Pellenc ST claims that its new instalment of Xpert technology combines a dual-energy transmission X-ray with machine learning, a form of artificial intelligence said to learn and remember data to improve the efficiency of metal and e-scrap waste sorting processes.

Functioning with a detector and a 100-Watt X-ray generator, the machine can run a conveyor from 2 m/s to 4.5 m/s depending on its application. Its new software can apparently target multiple materials and densities in a single sorting step, enabling high-capacity sorting without sacrificing performance.

This enhanced sorting process is said to recognise the shape, density, and thickness of the materials that pass through it. In doing so, it can improve recovery rates in metal sorting by removing plastics containing flame retardants and other charges, as well as recovering high-added-value materials such as PCBs.

According to Pellenc ST, the Xpert is ‘utilised to process Zorba and for sorting different aluminium alloys in order to produce a Twitch product’, which can then be sent to a furnace. It can also sort leaded glass, it is claimed.
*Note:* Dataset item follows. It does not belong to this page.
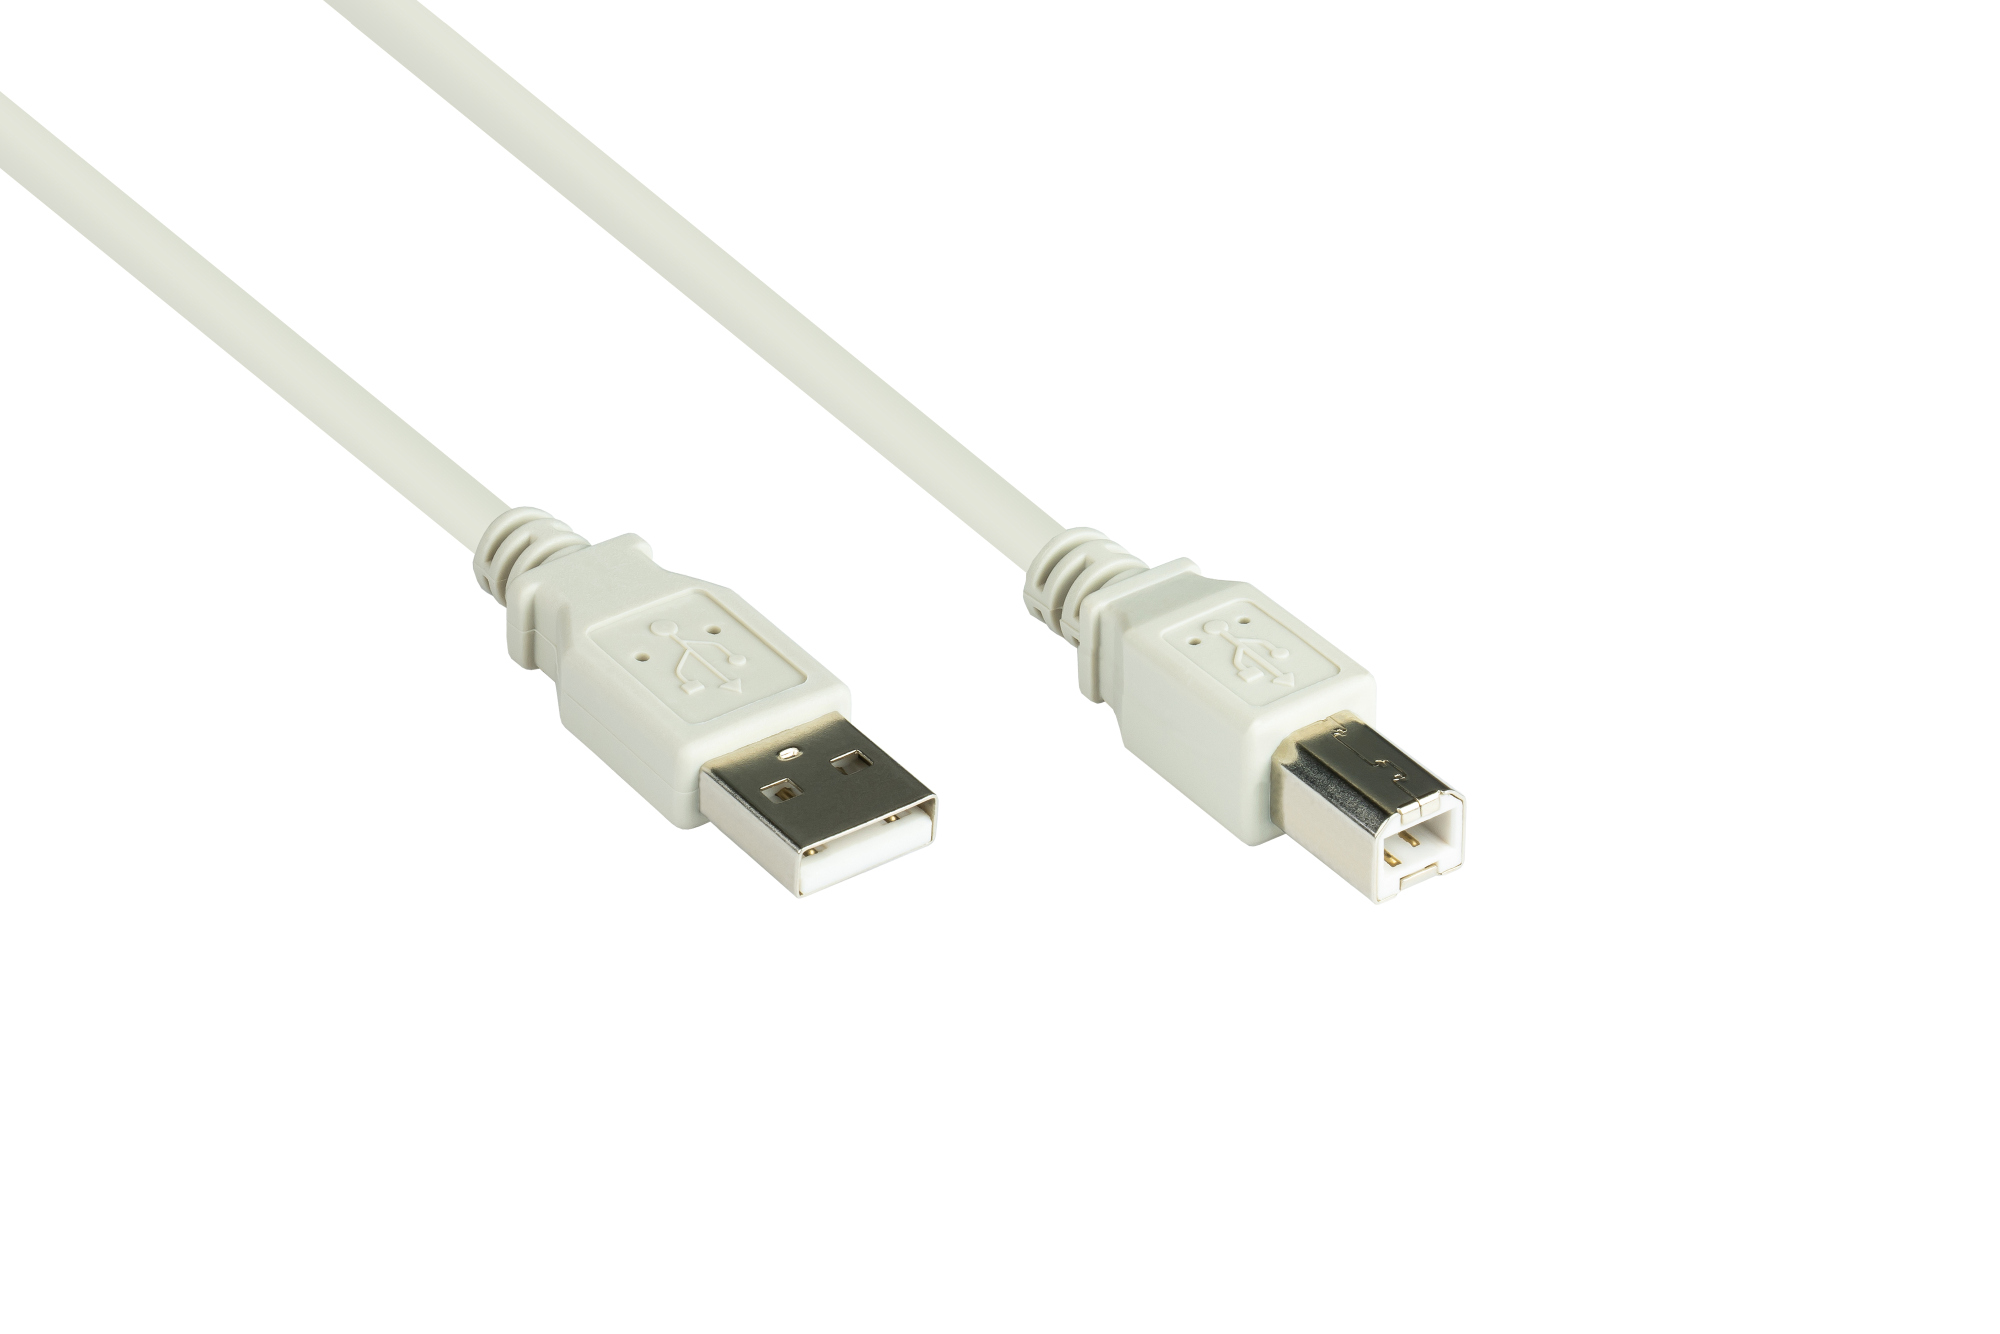 Anschlusskabel USB 2.0 Stecker A an Stecker B, grau, 0,5m, Good Connections®
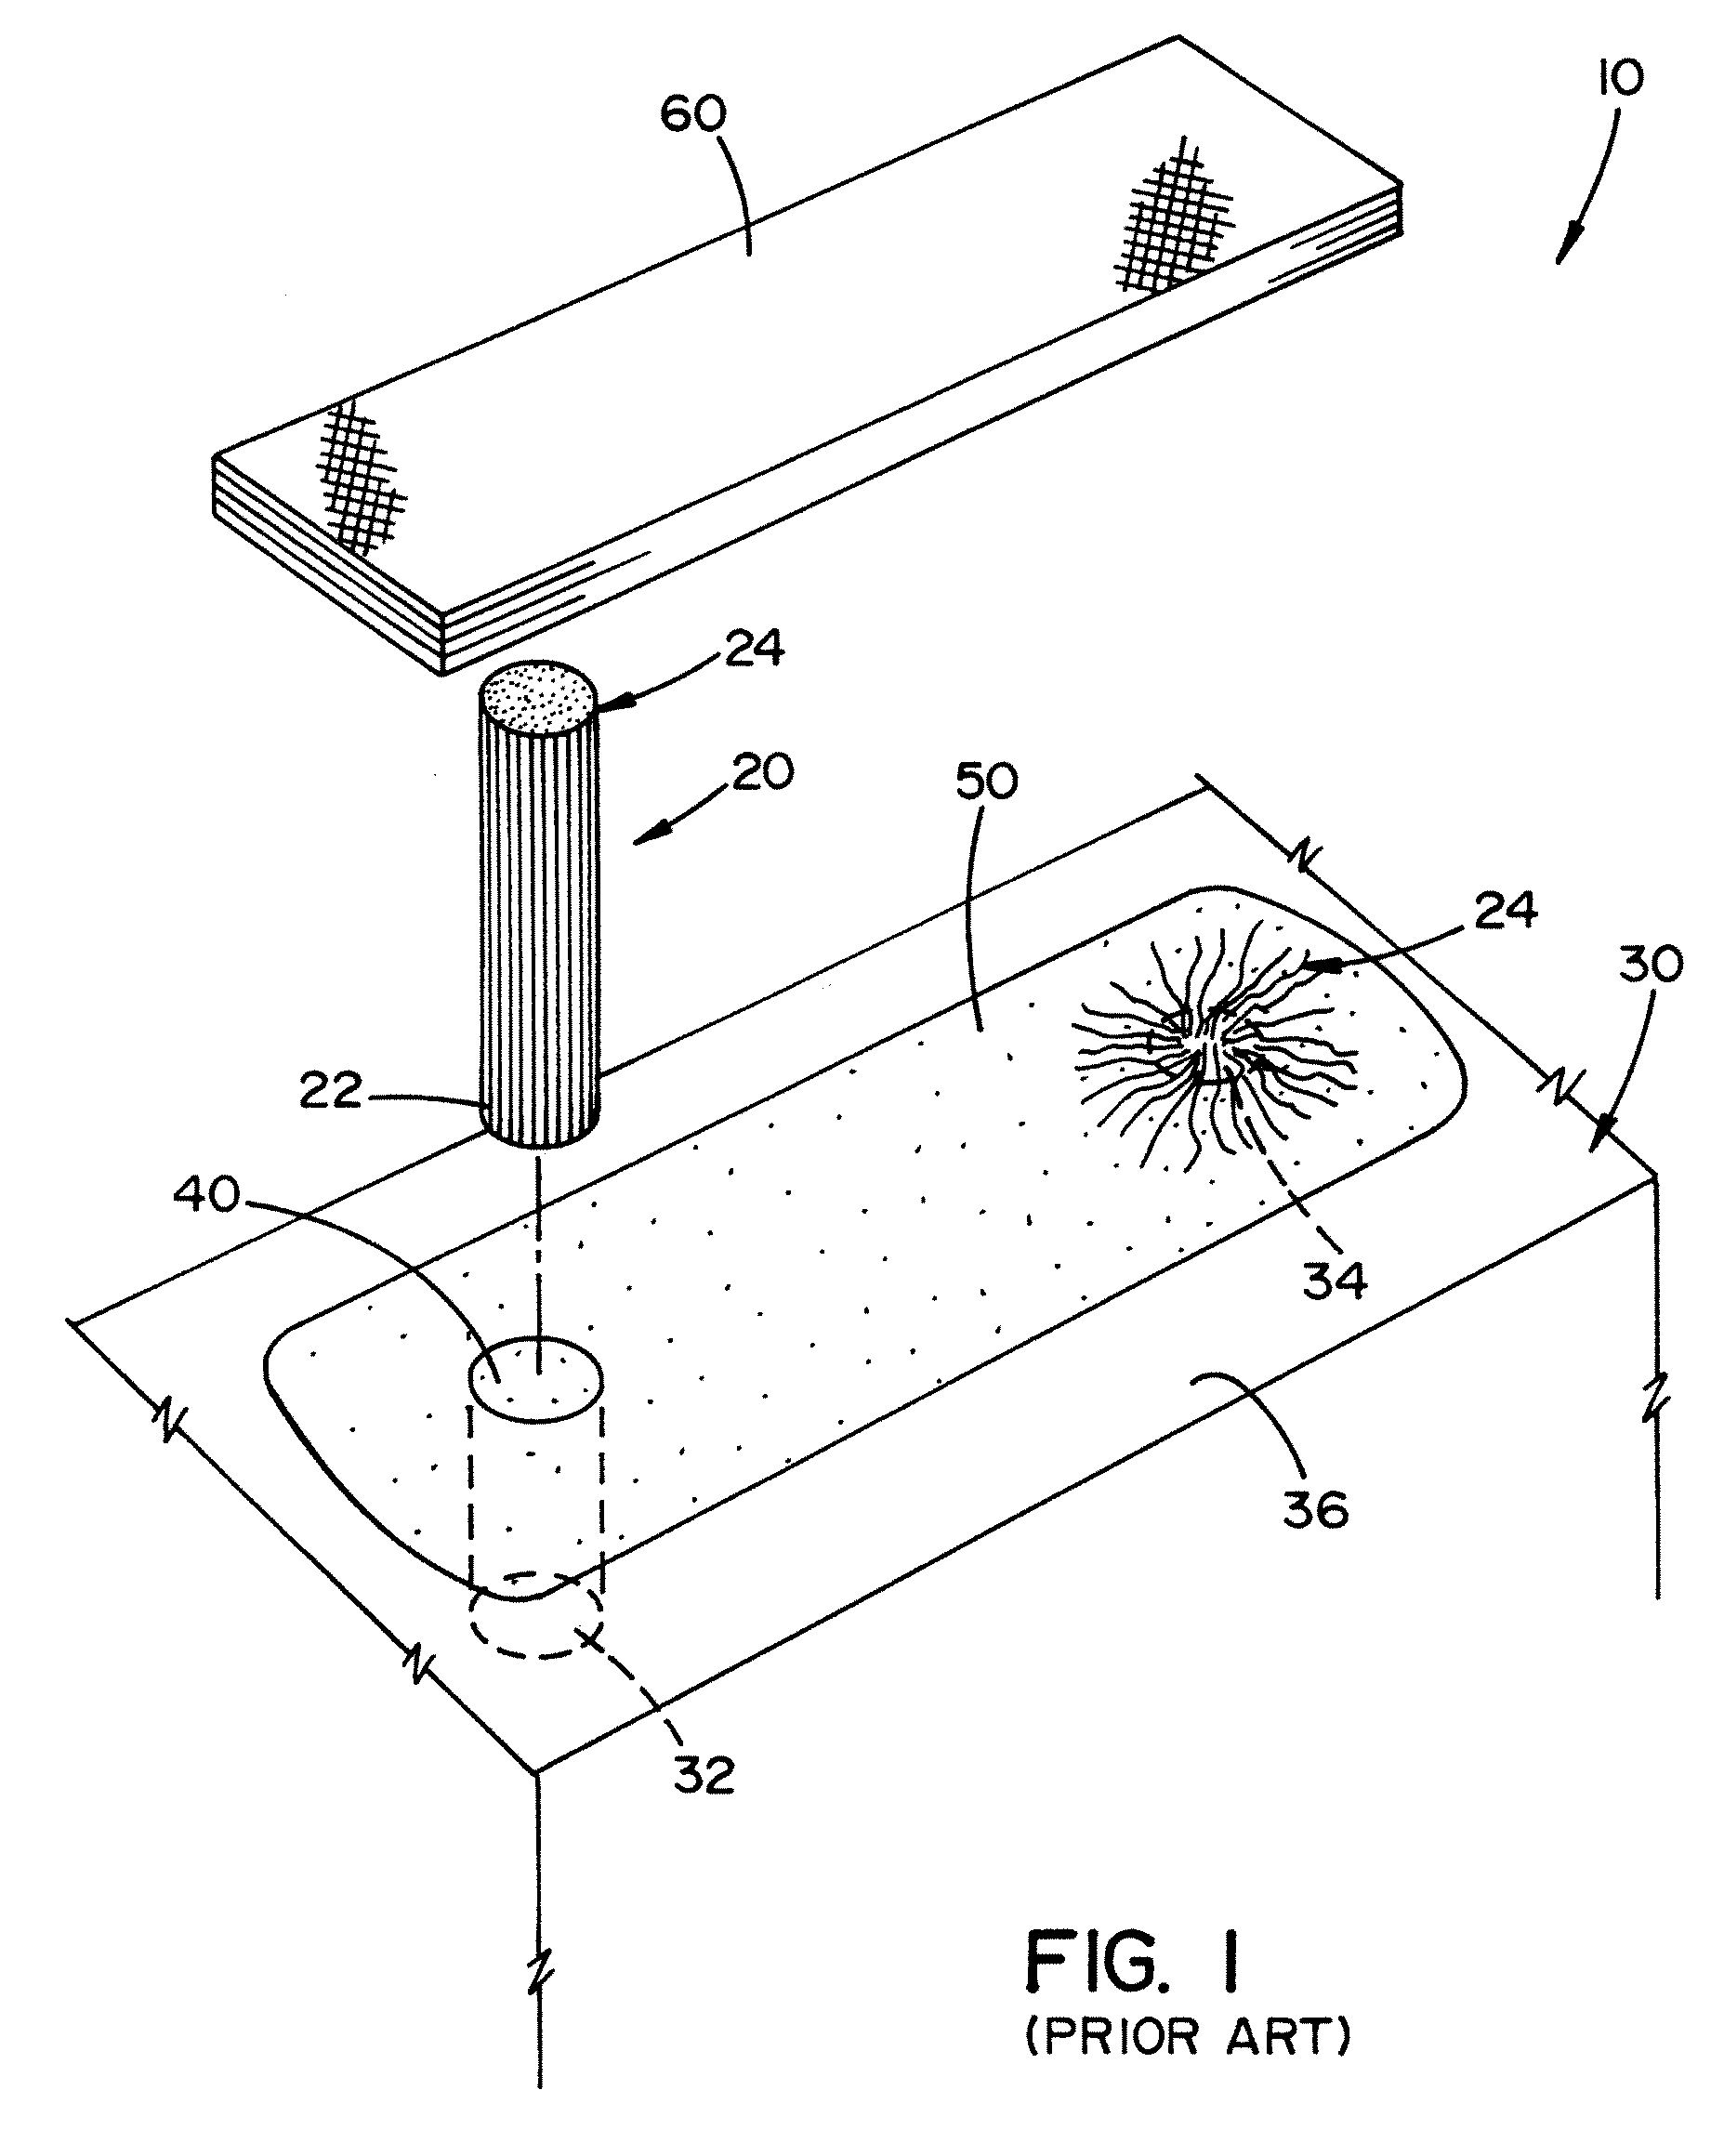 Method and apparatus for repairing concrete

PellencST’s turnkey service solution is available with wear parts and the Smart&Share application, which is said to analyse the operation of individual sorters and provide alerts and reports aimed at improving availability and sorting quality. The machinery is equipped with the Central Nervous System (CNS) software platform, allowing for future upgrades as new technologies and sensors arise.

The new technology is expected to improve safety, reduce the workload of operators, and lower maintenance costs.

Earlier this year, the Perfect Sorting Consortium was formed to develop and test an artificial intelligence decision model to improve the recycling of packaging over the next two years.

CEFLEX also ran a testing programme to test the sorting of multi-layer flexible packaging using NIR technology. It was anticipated that the results would be shared with stakeholders last month.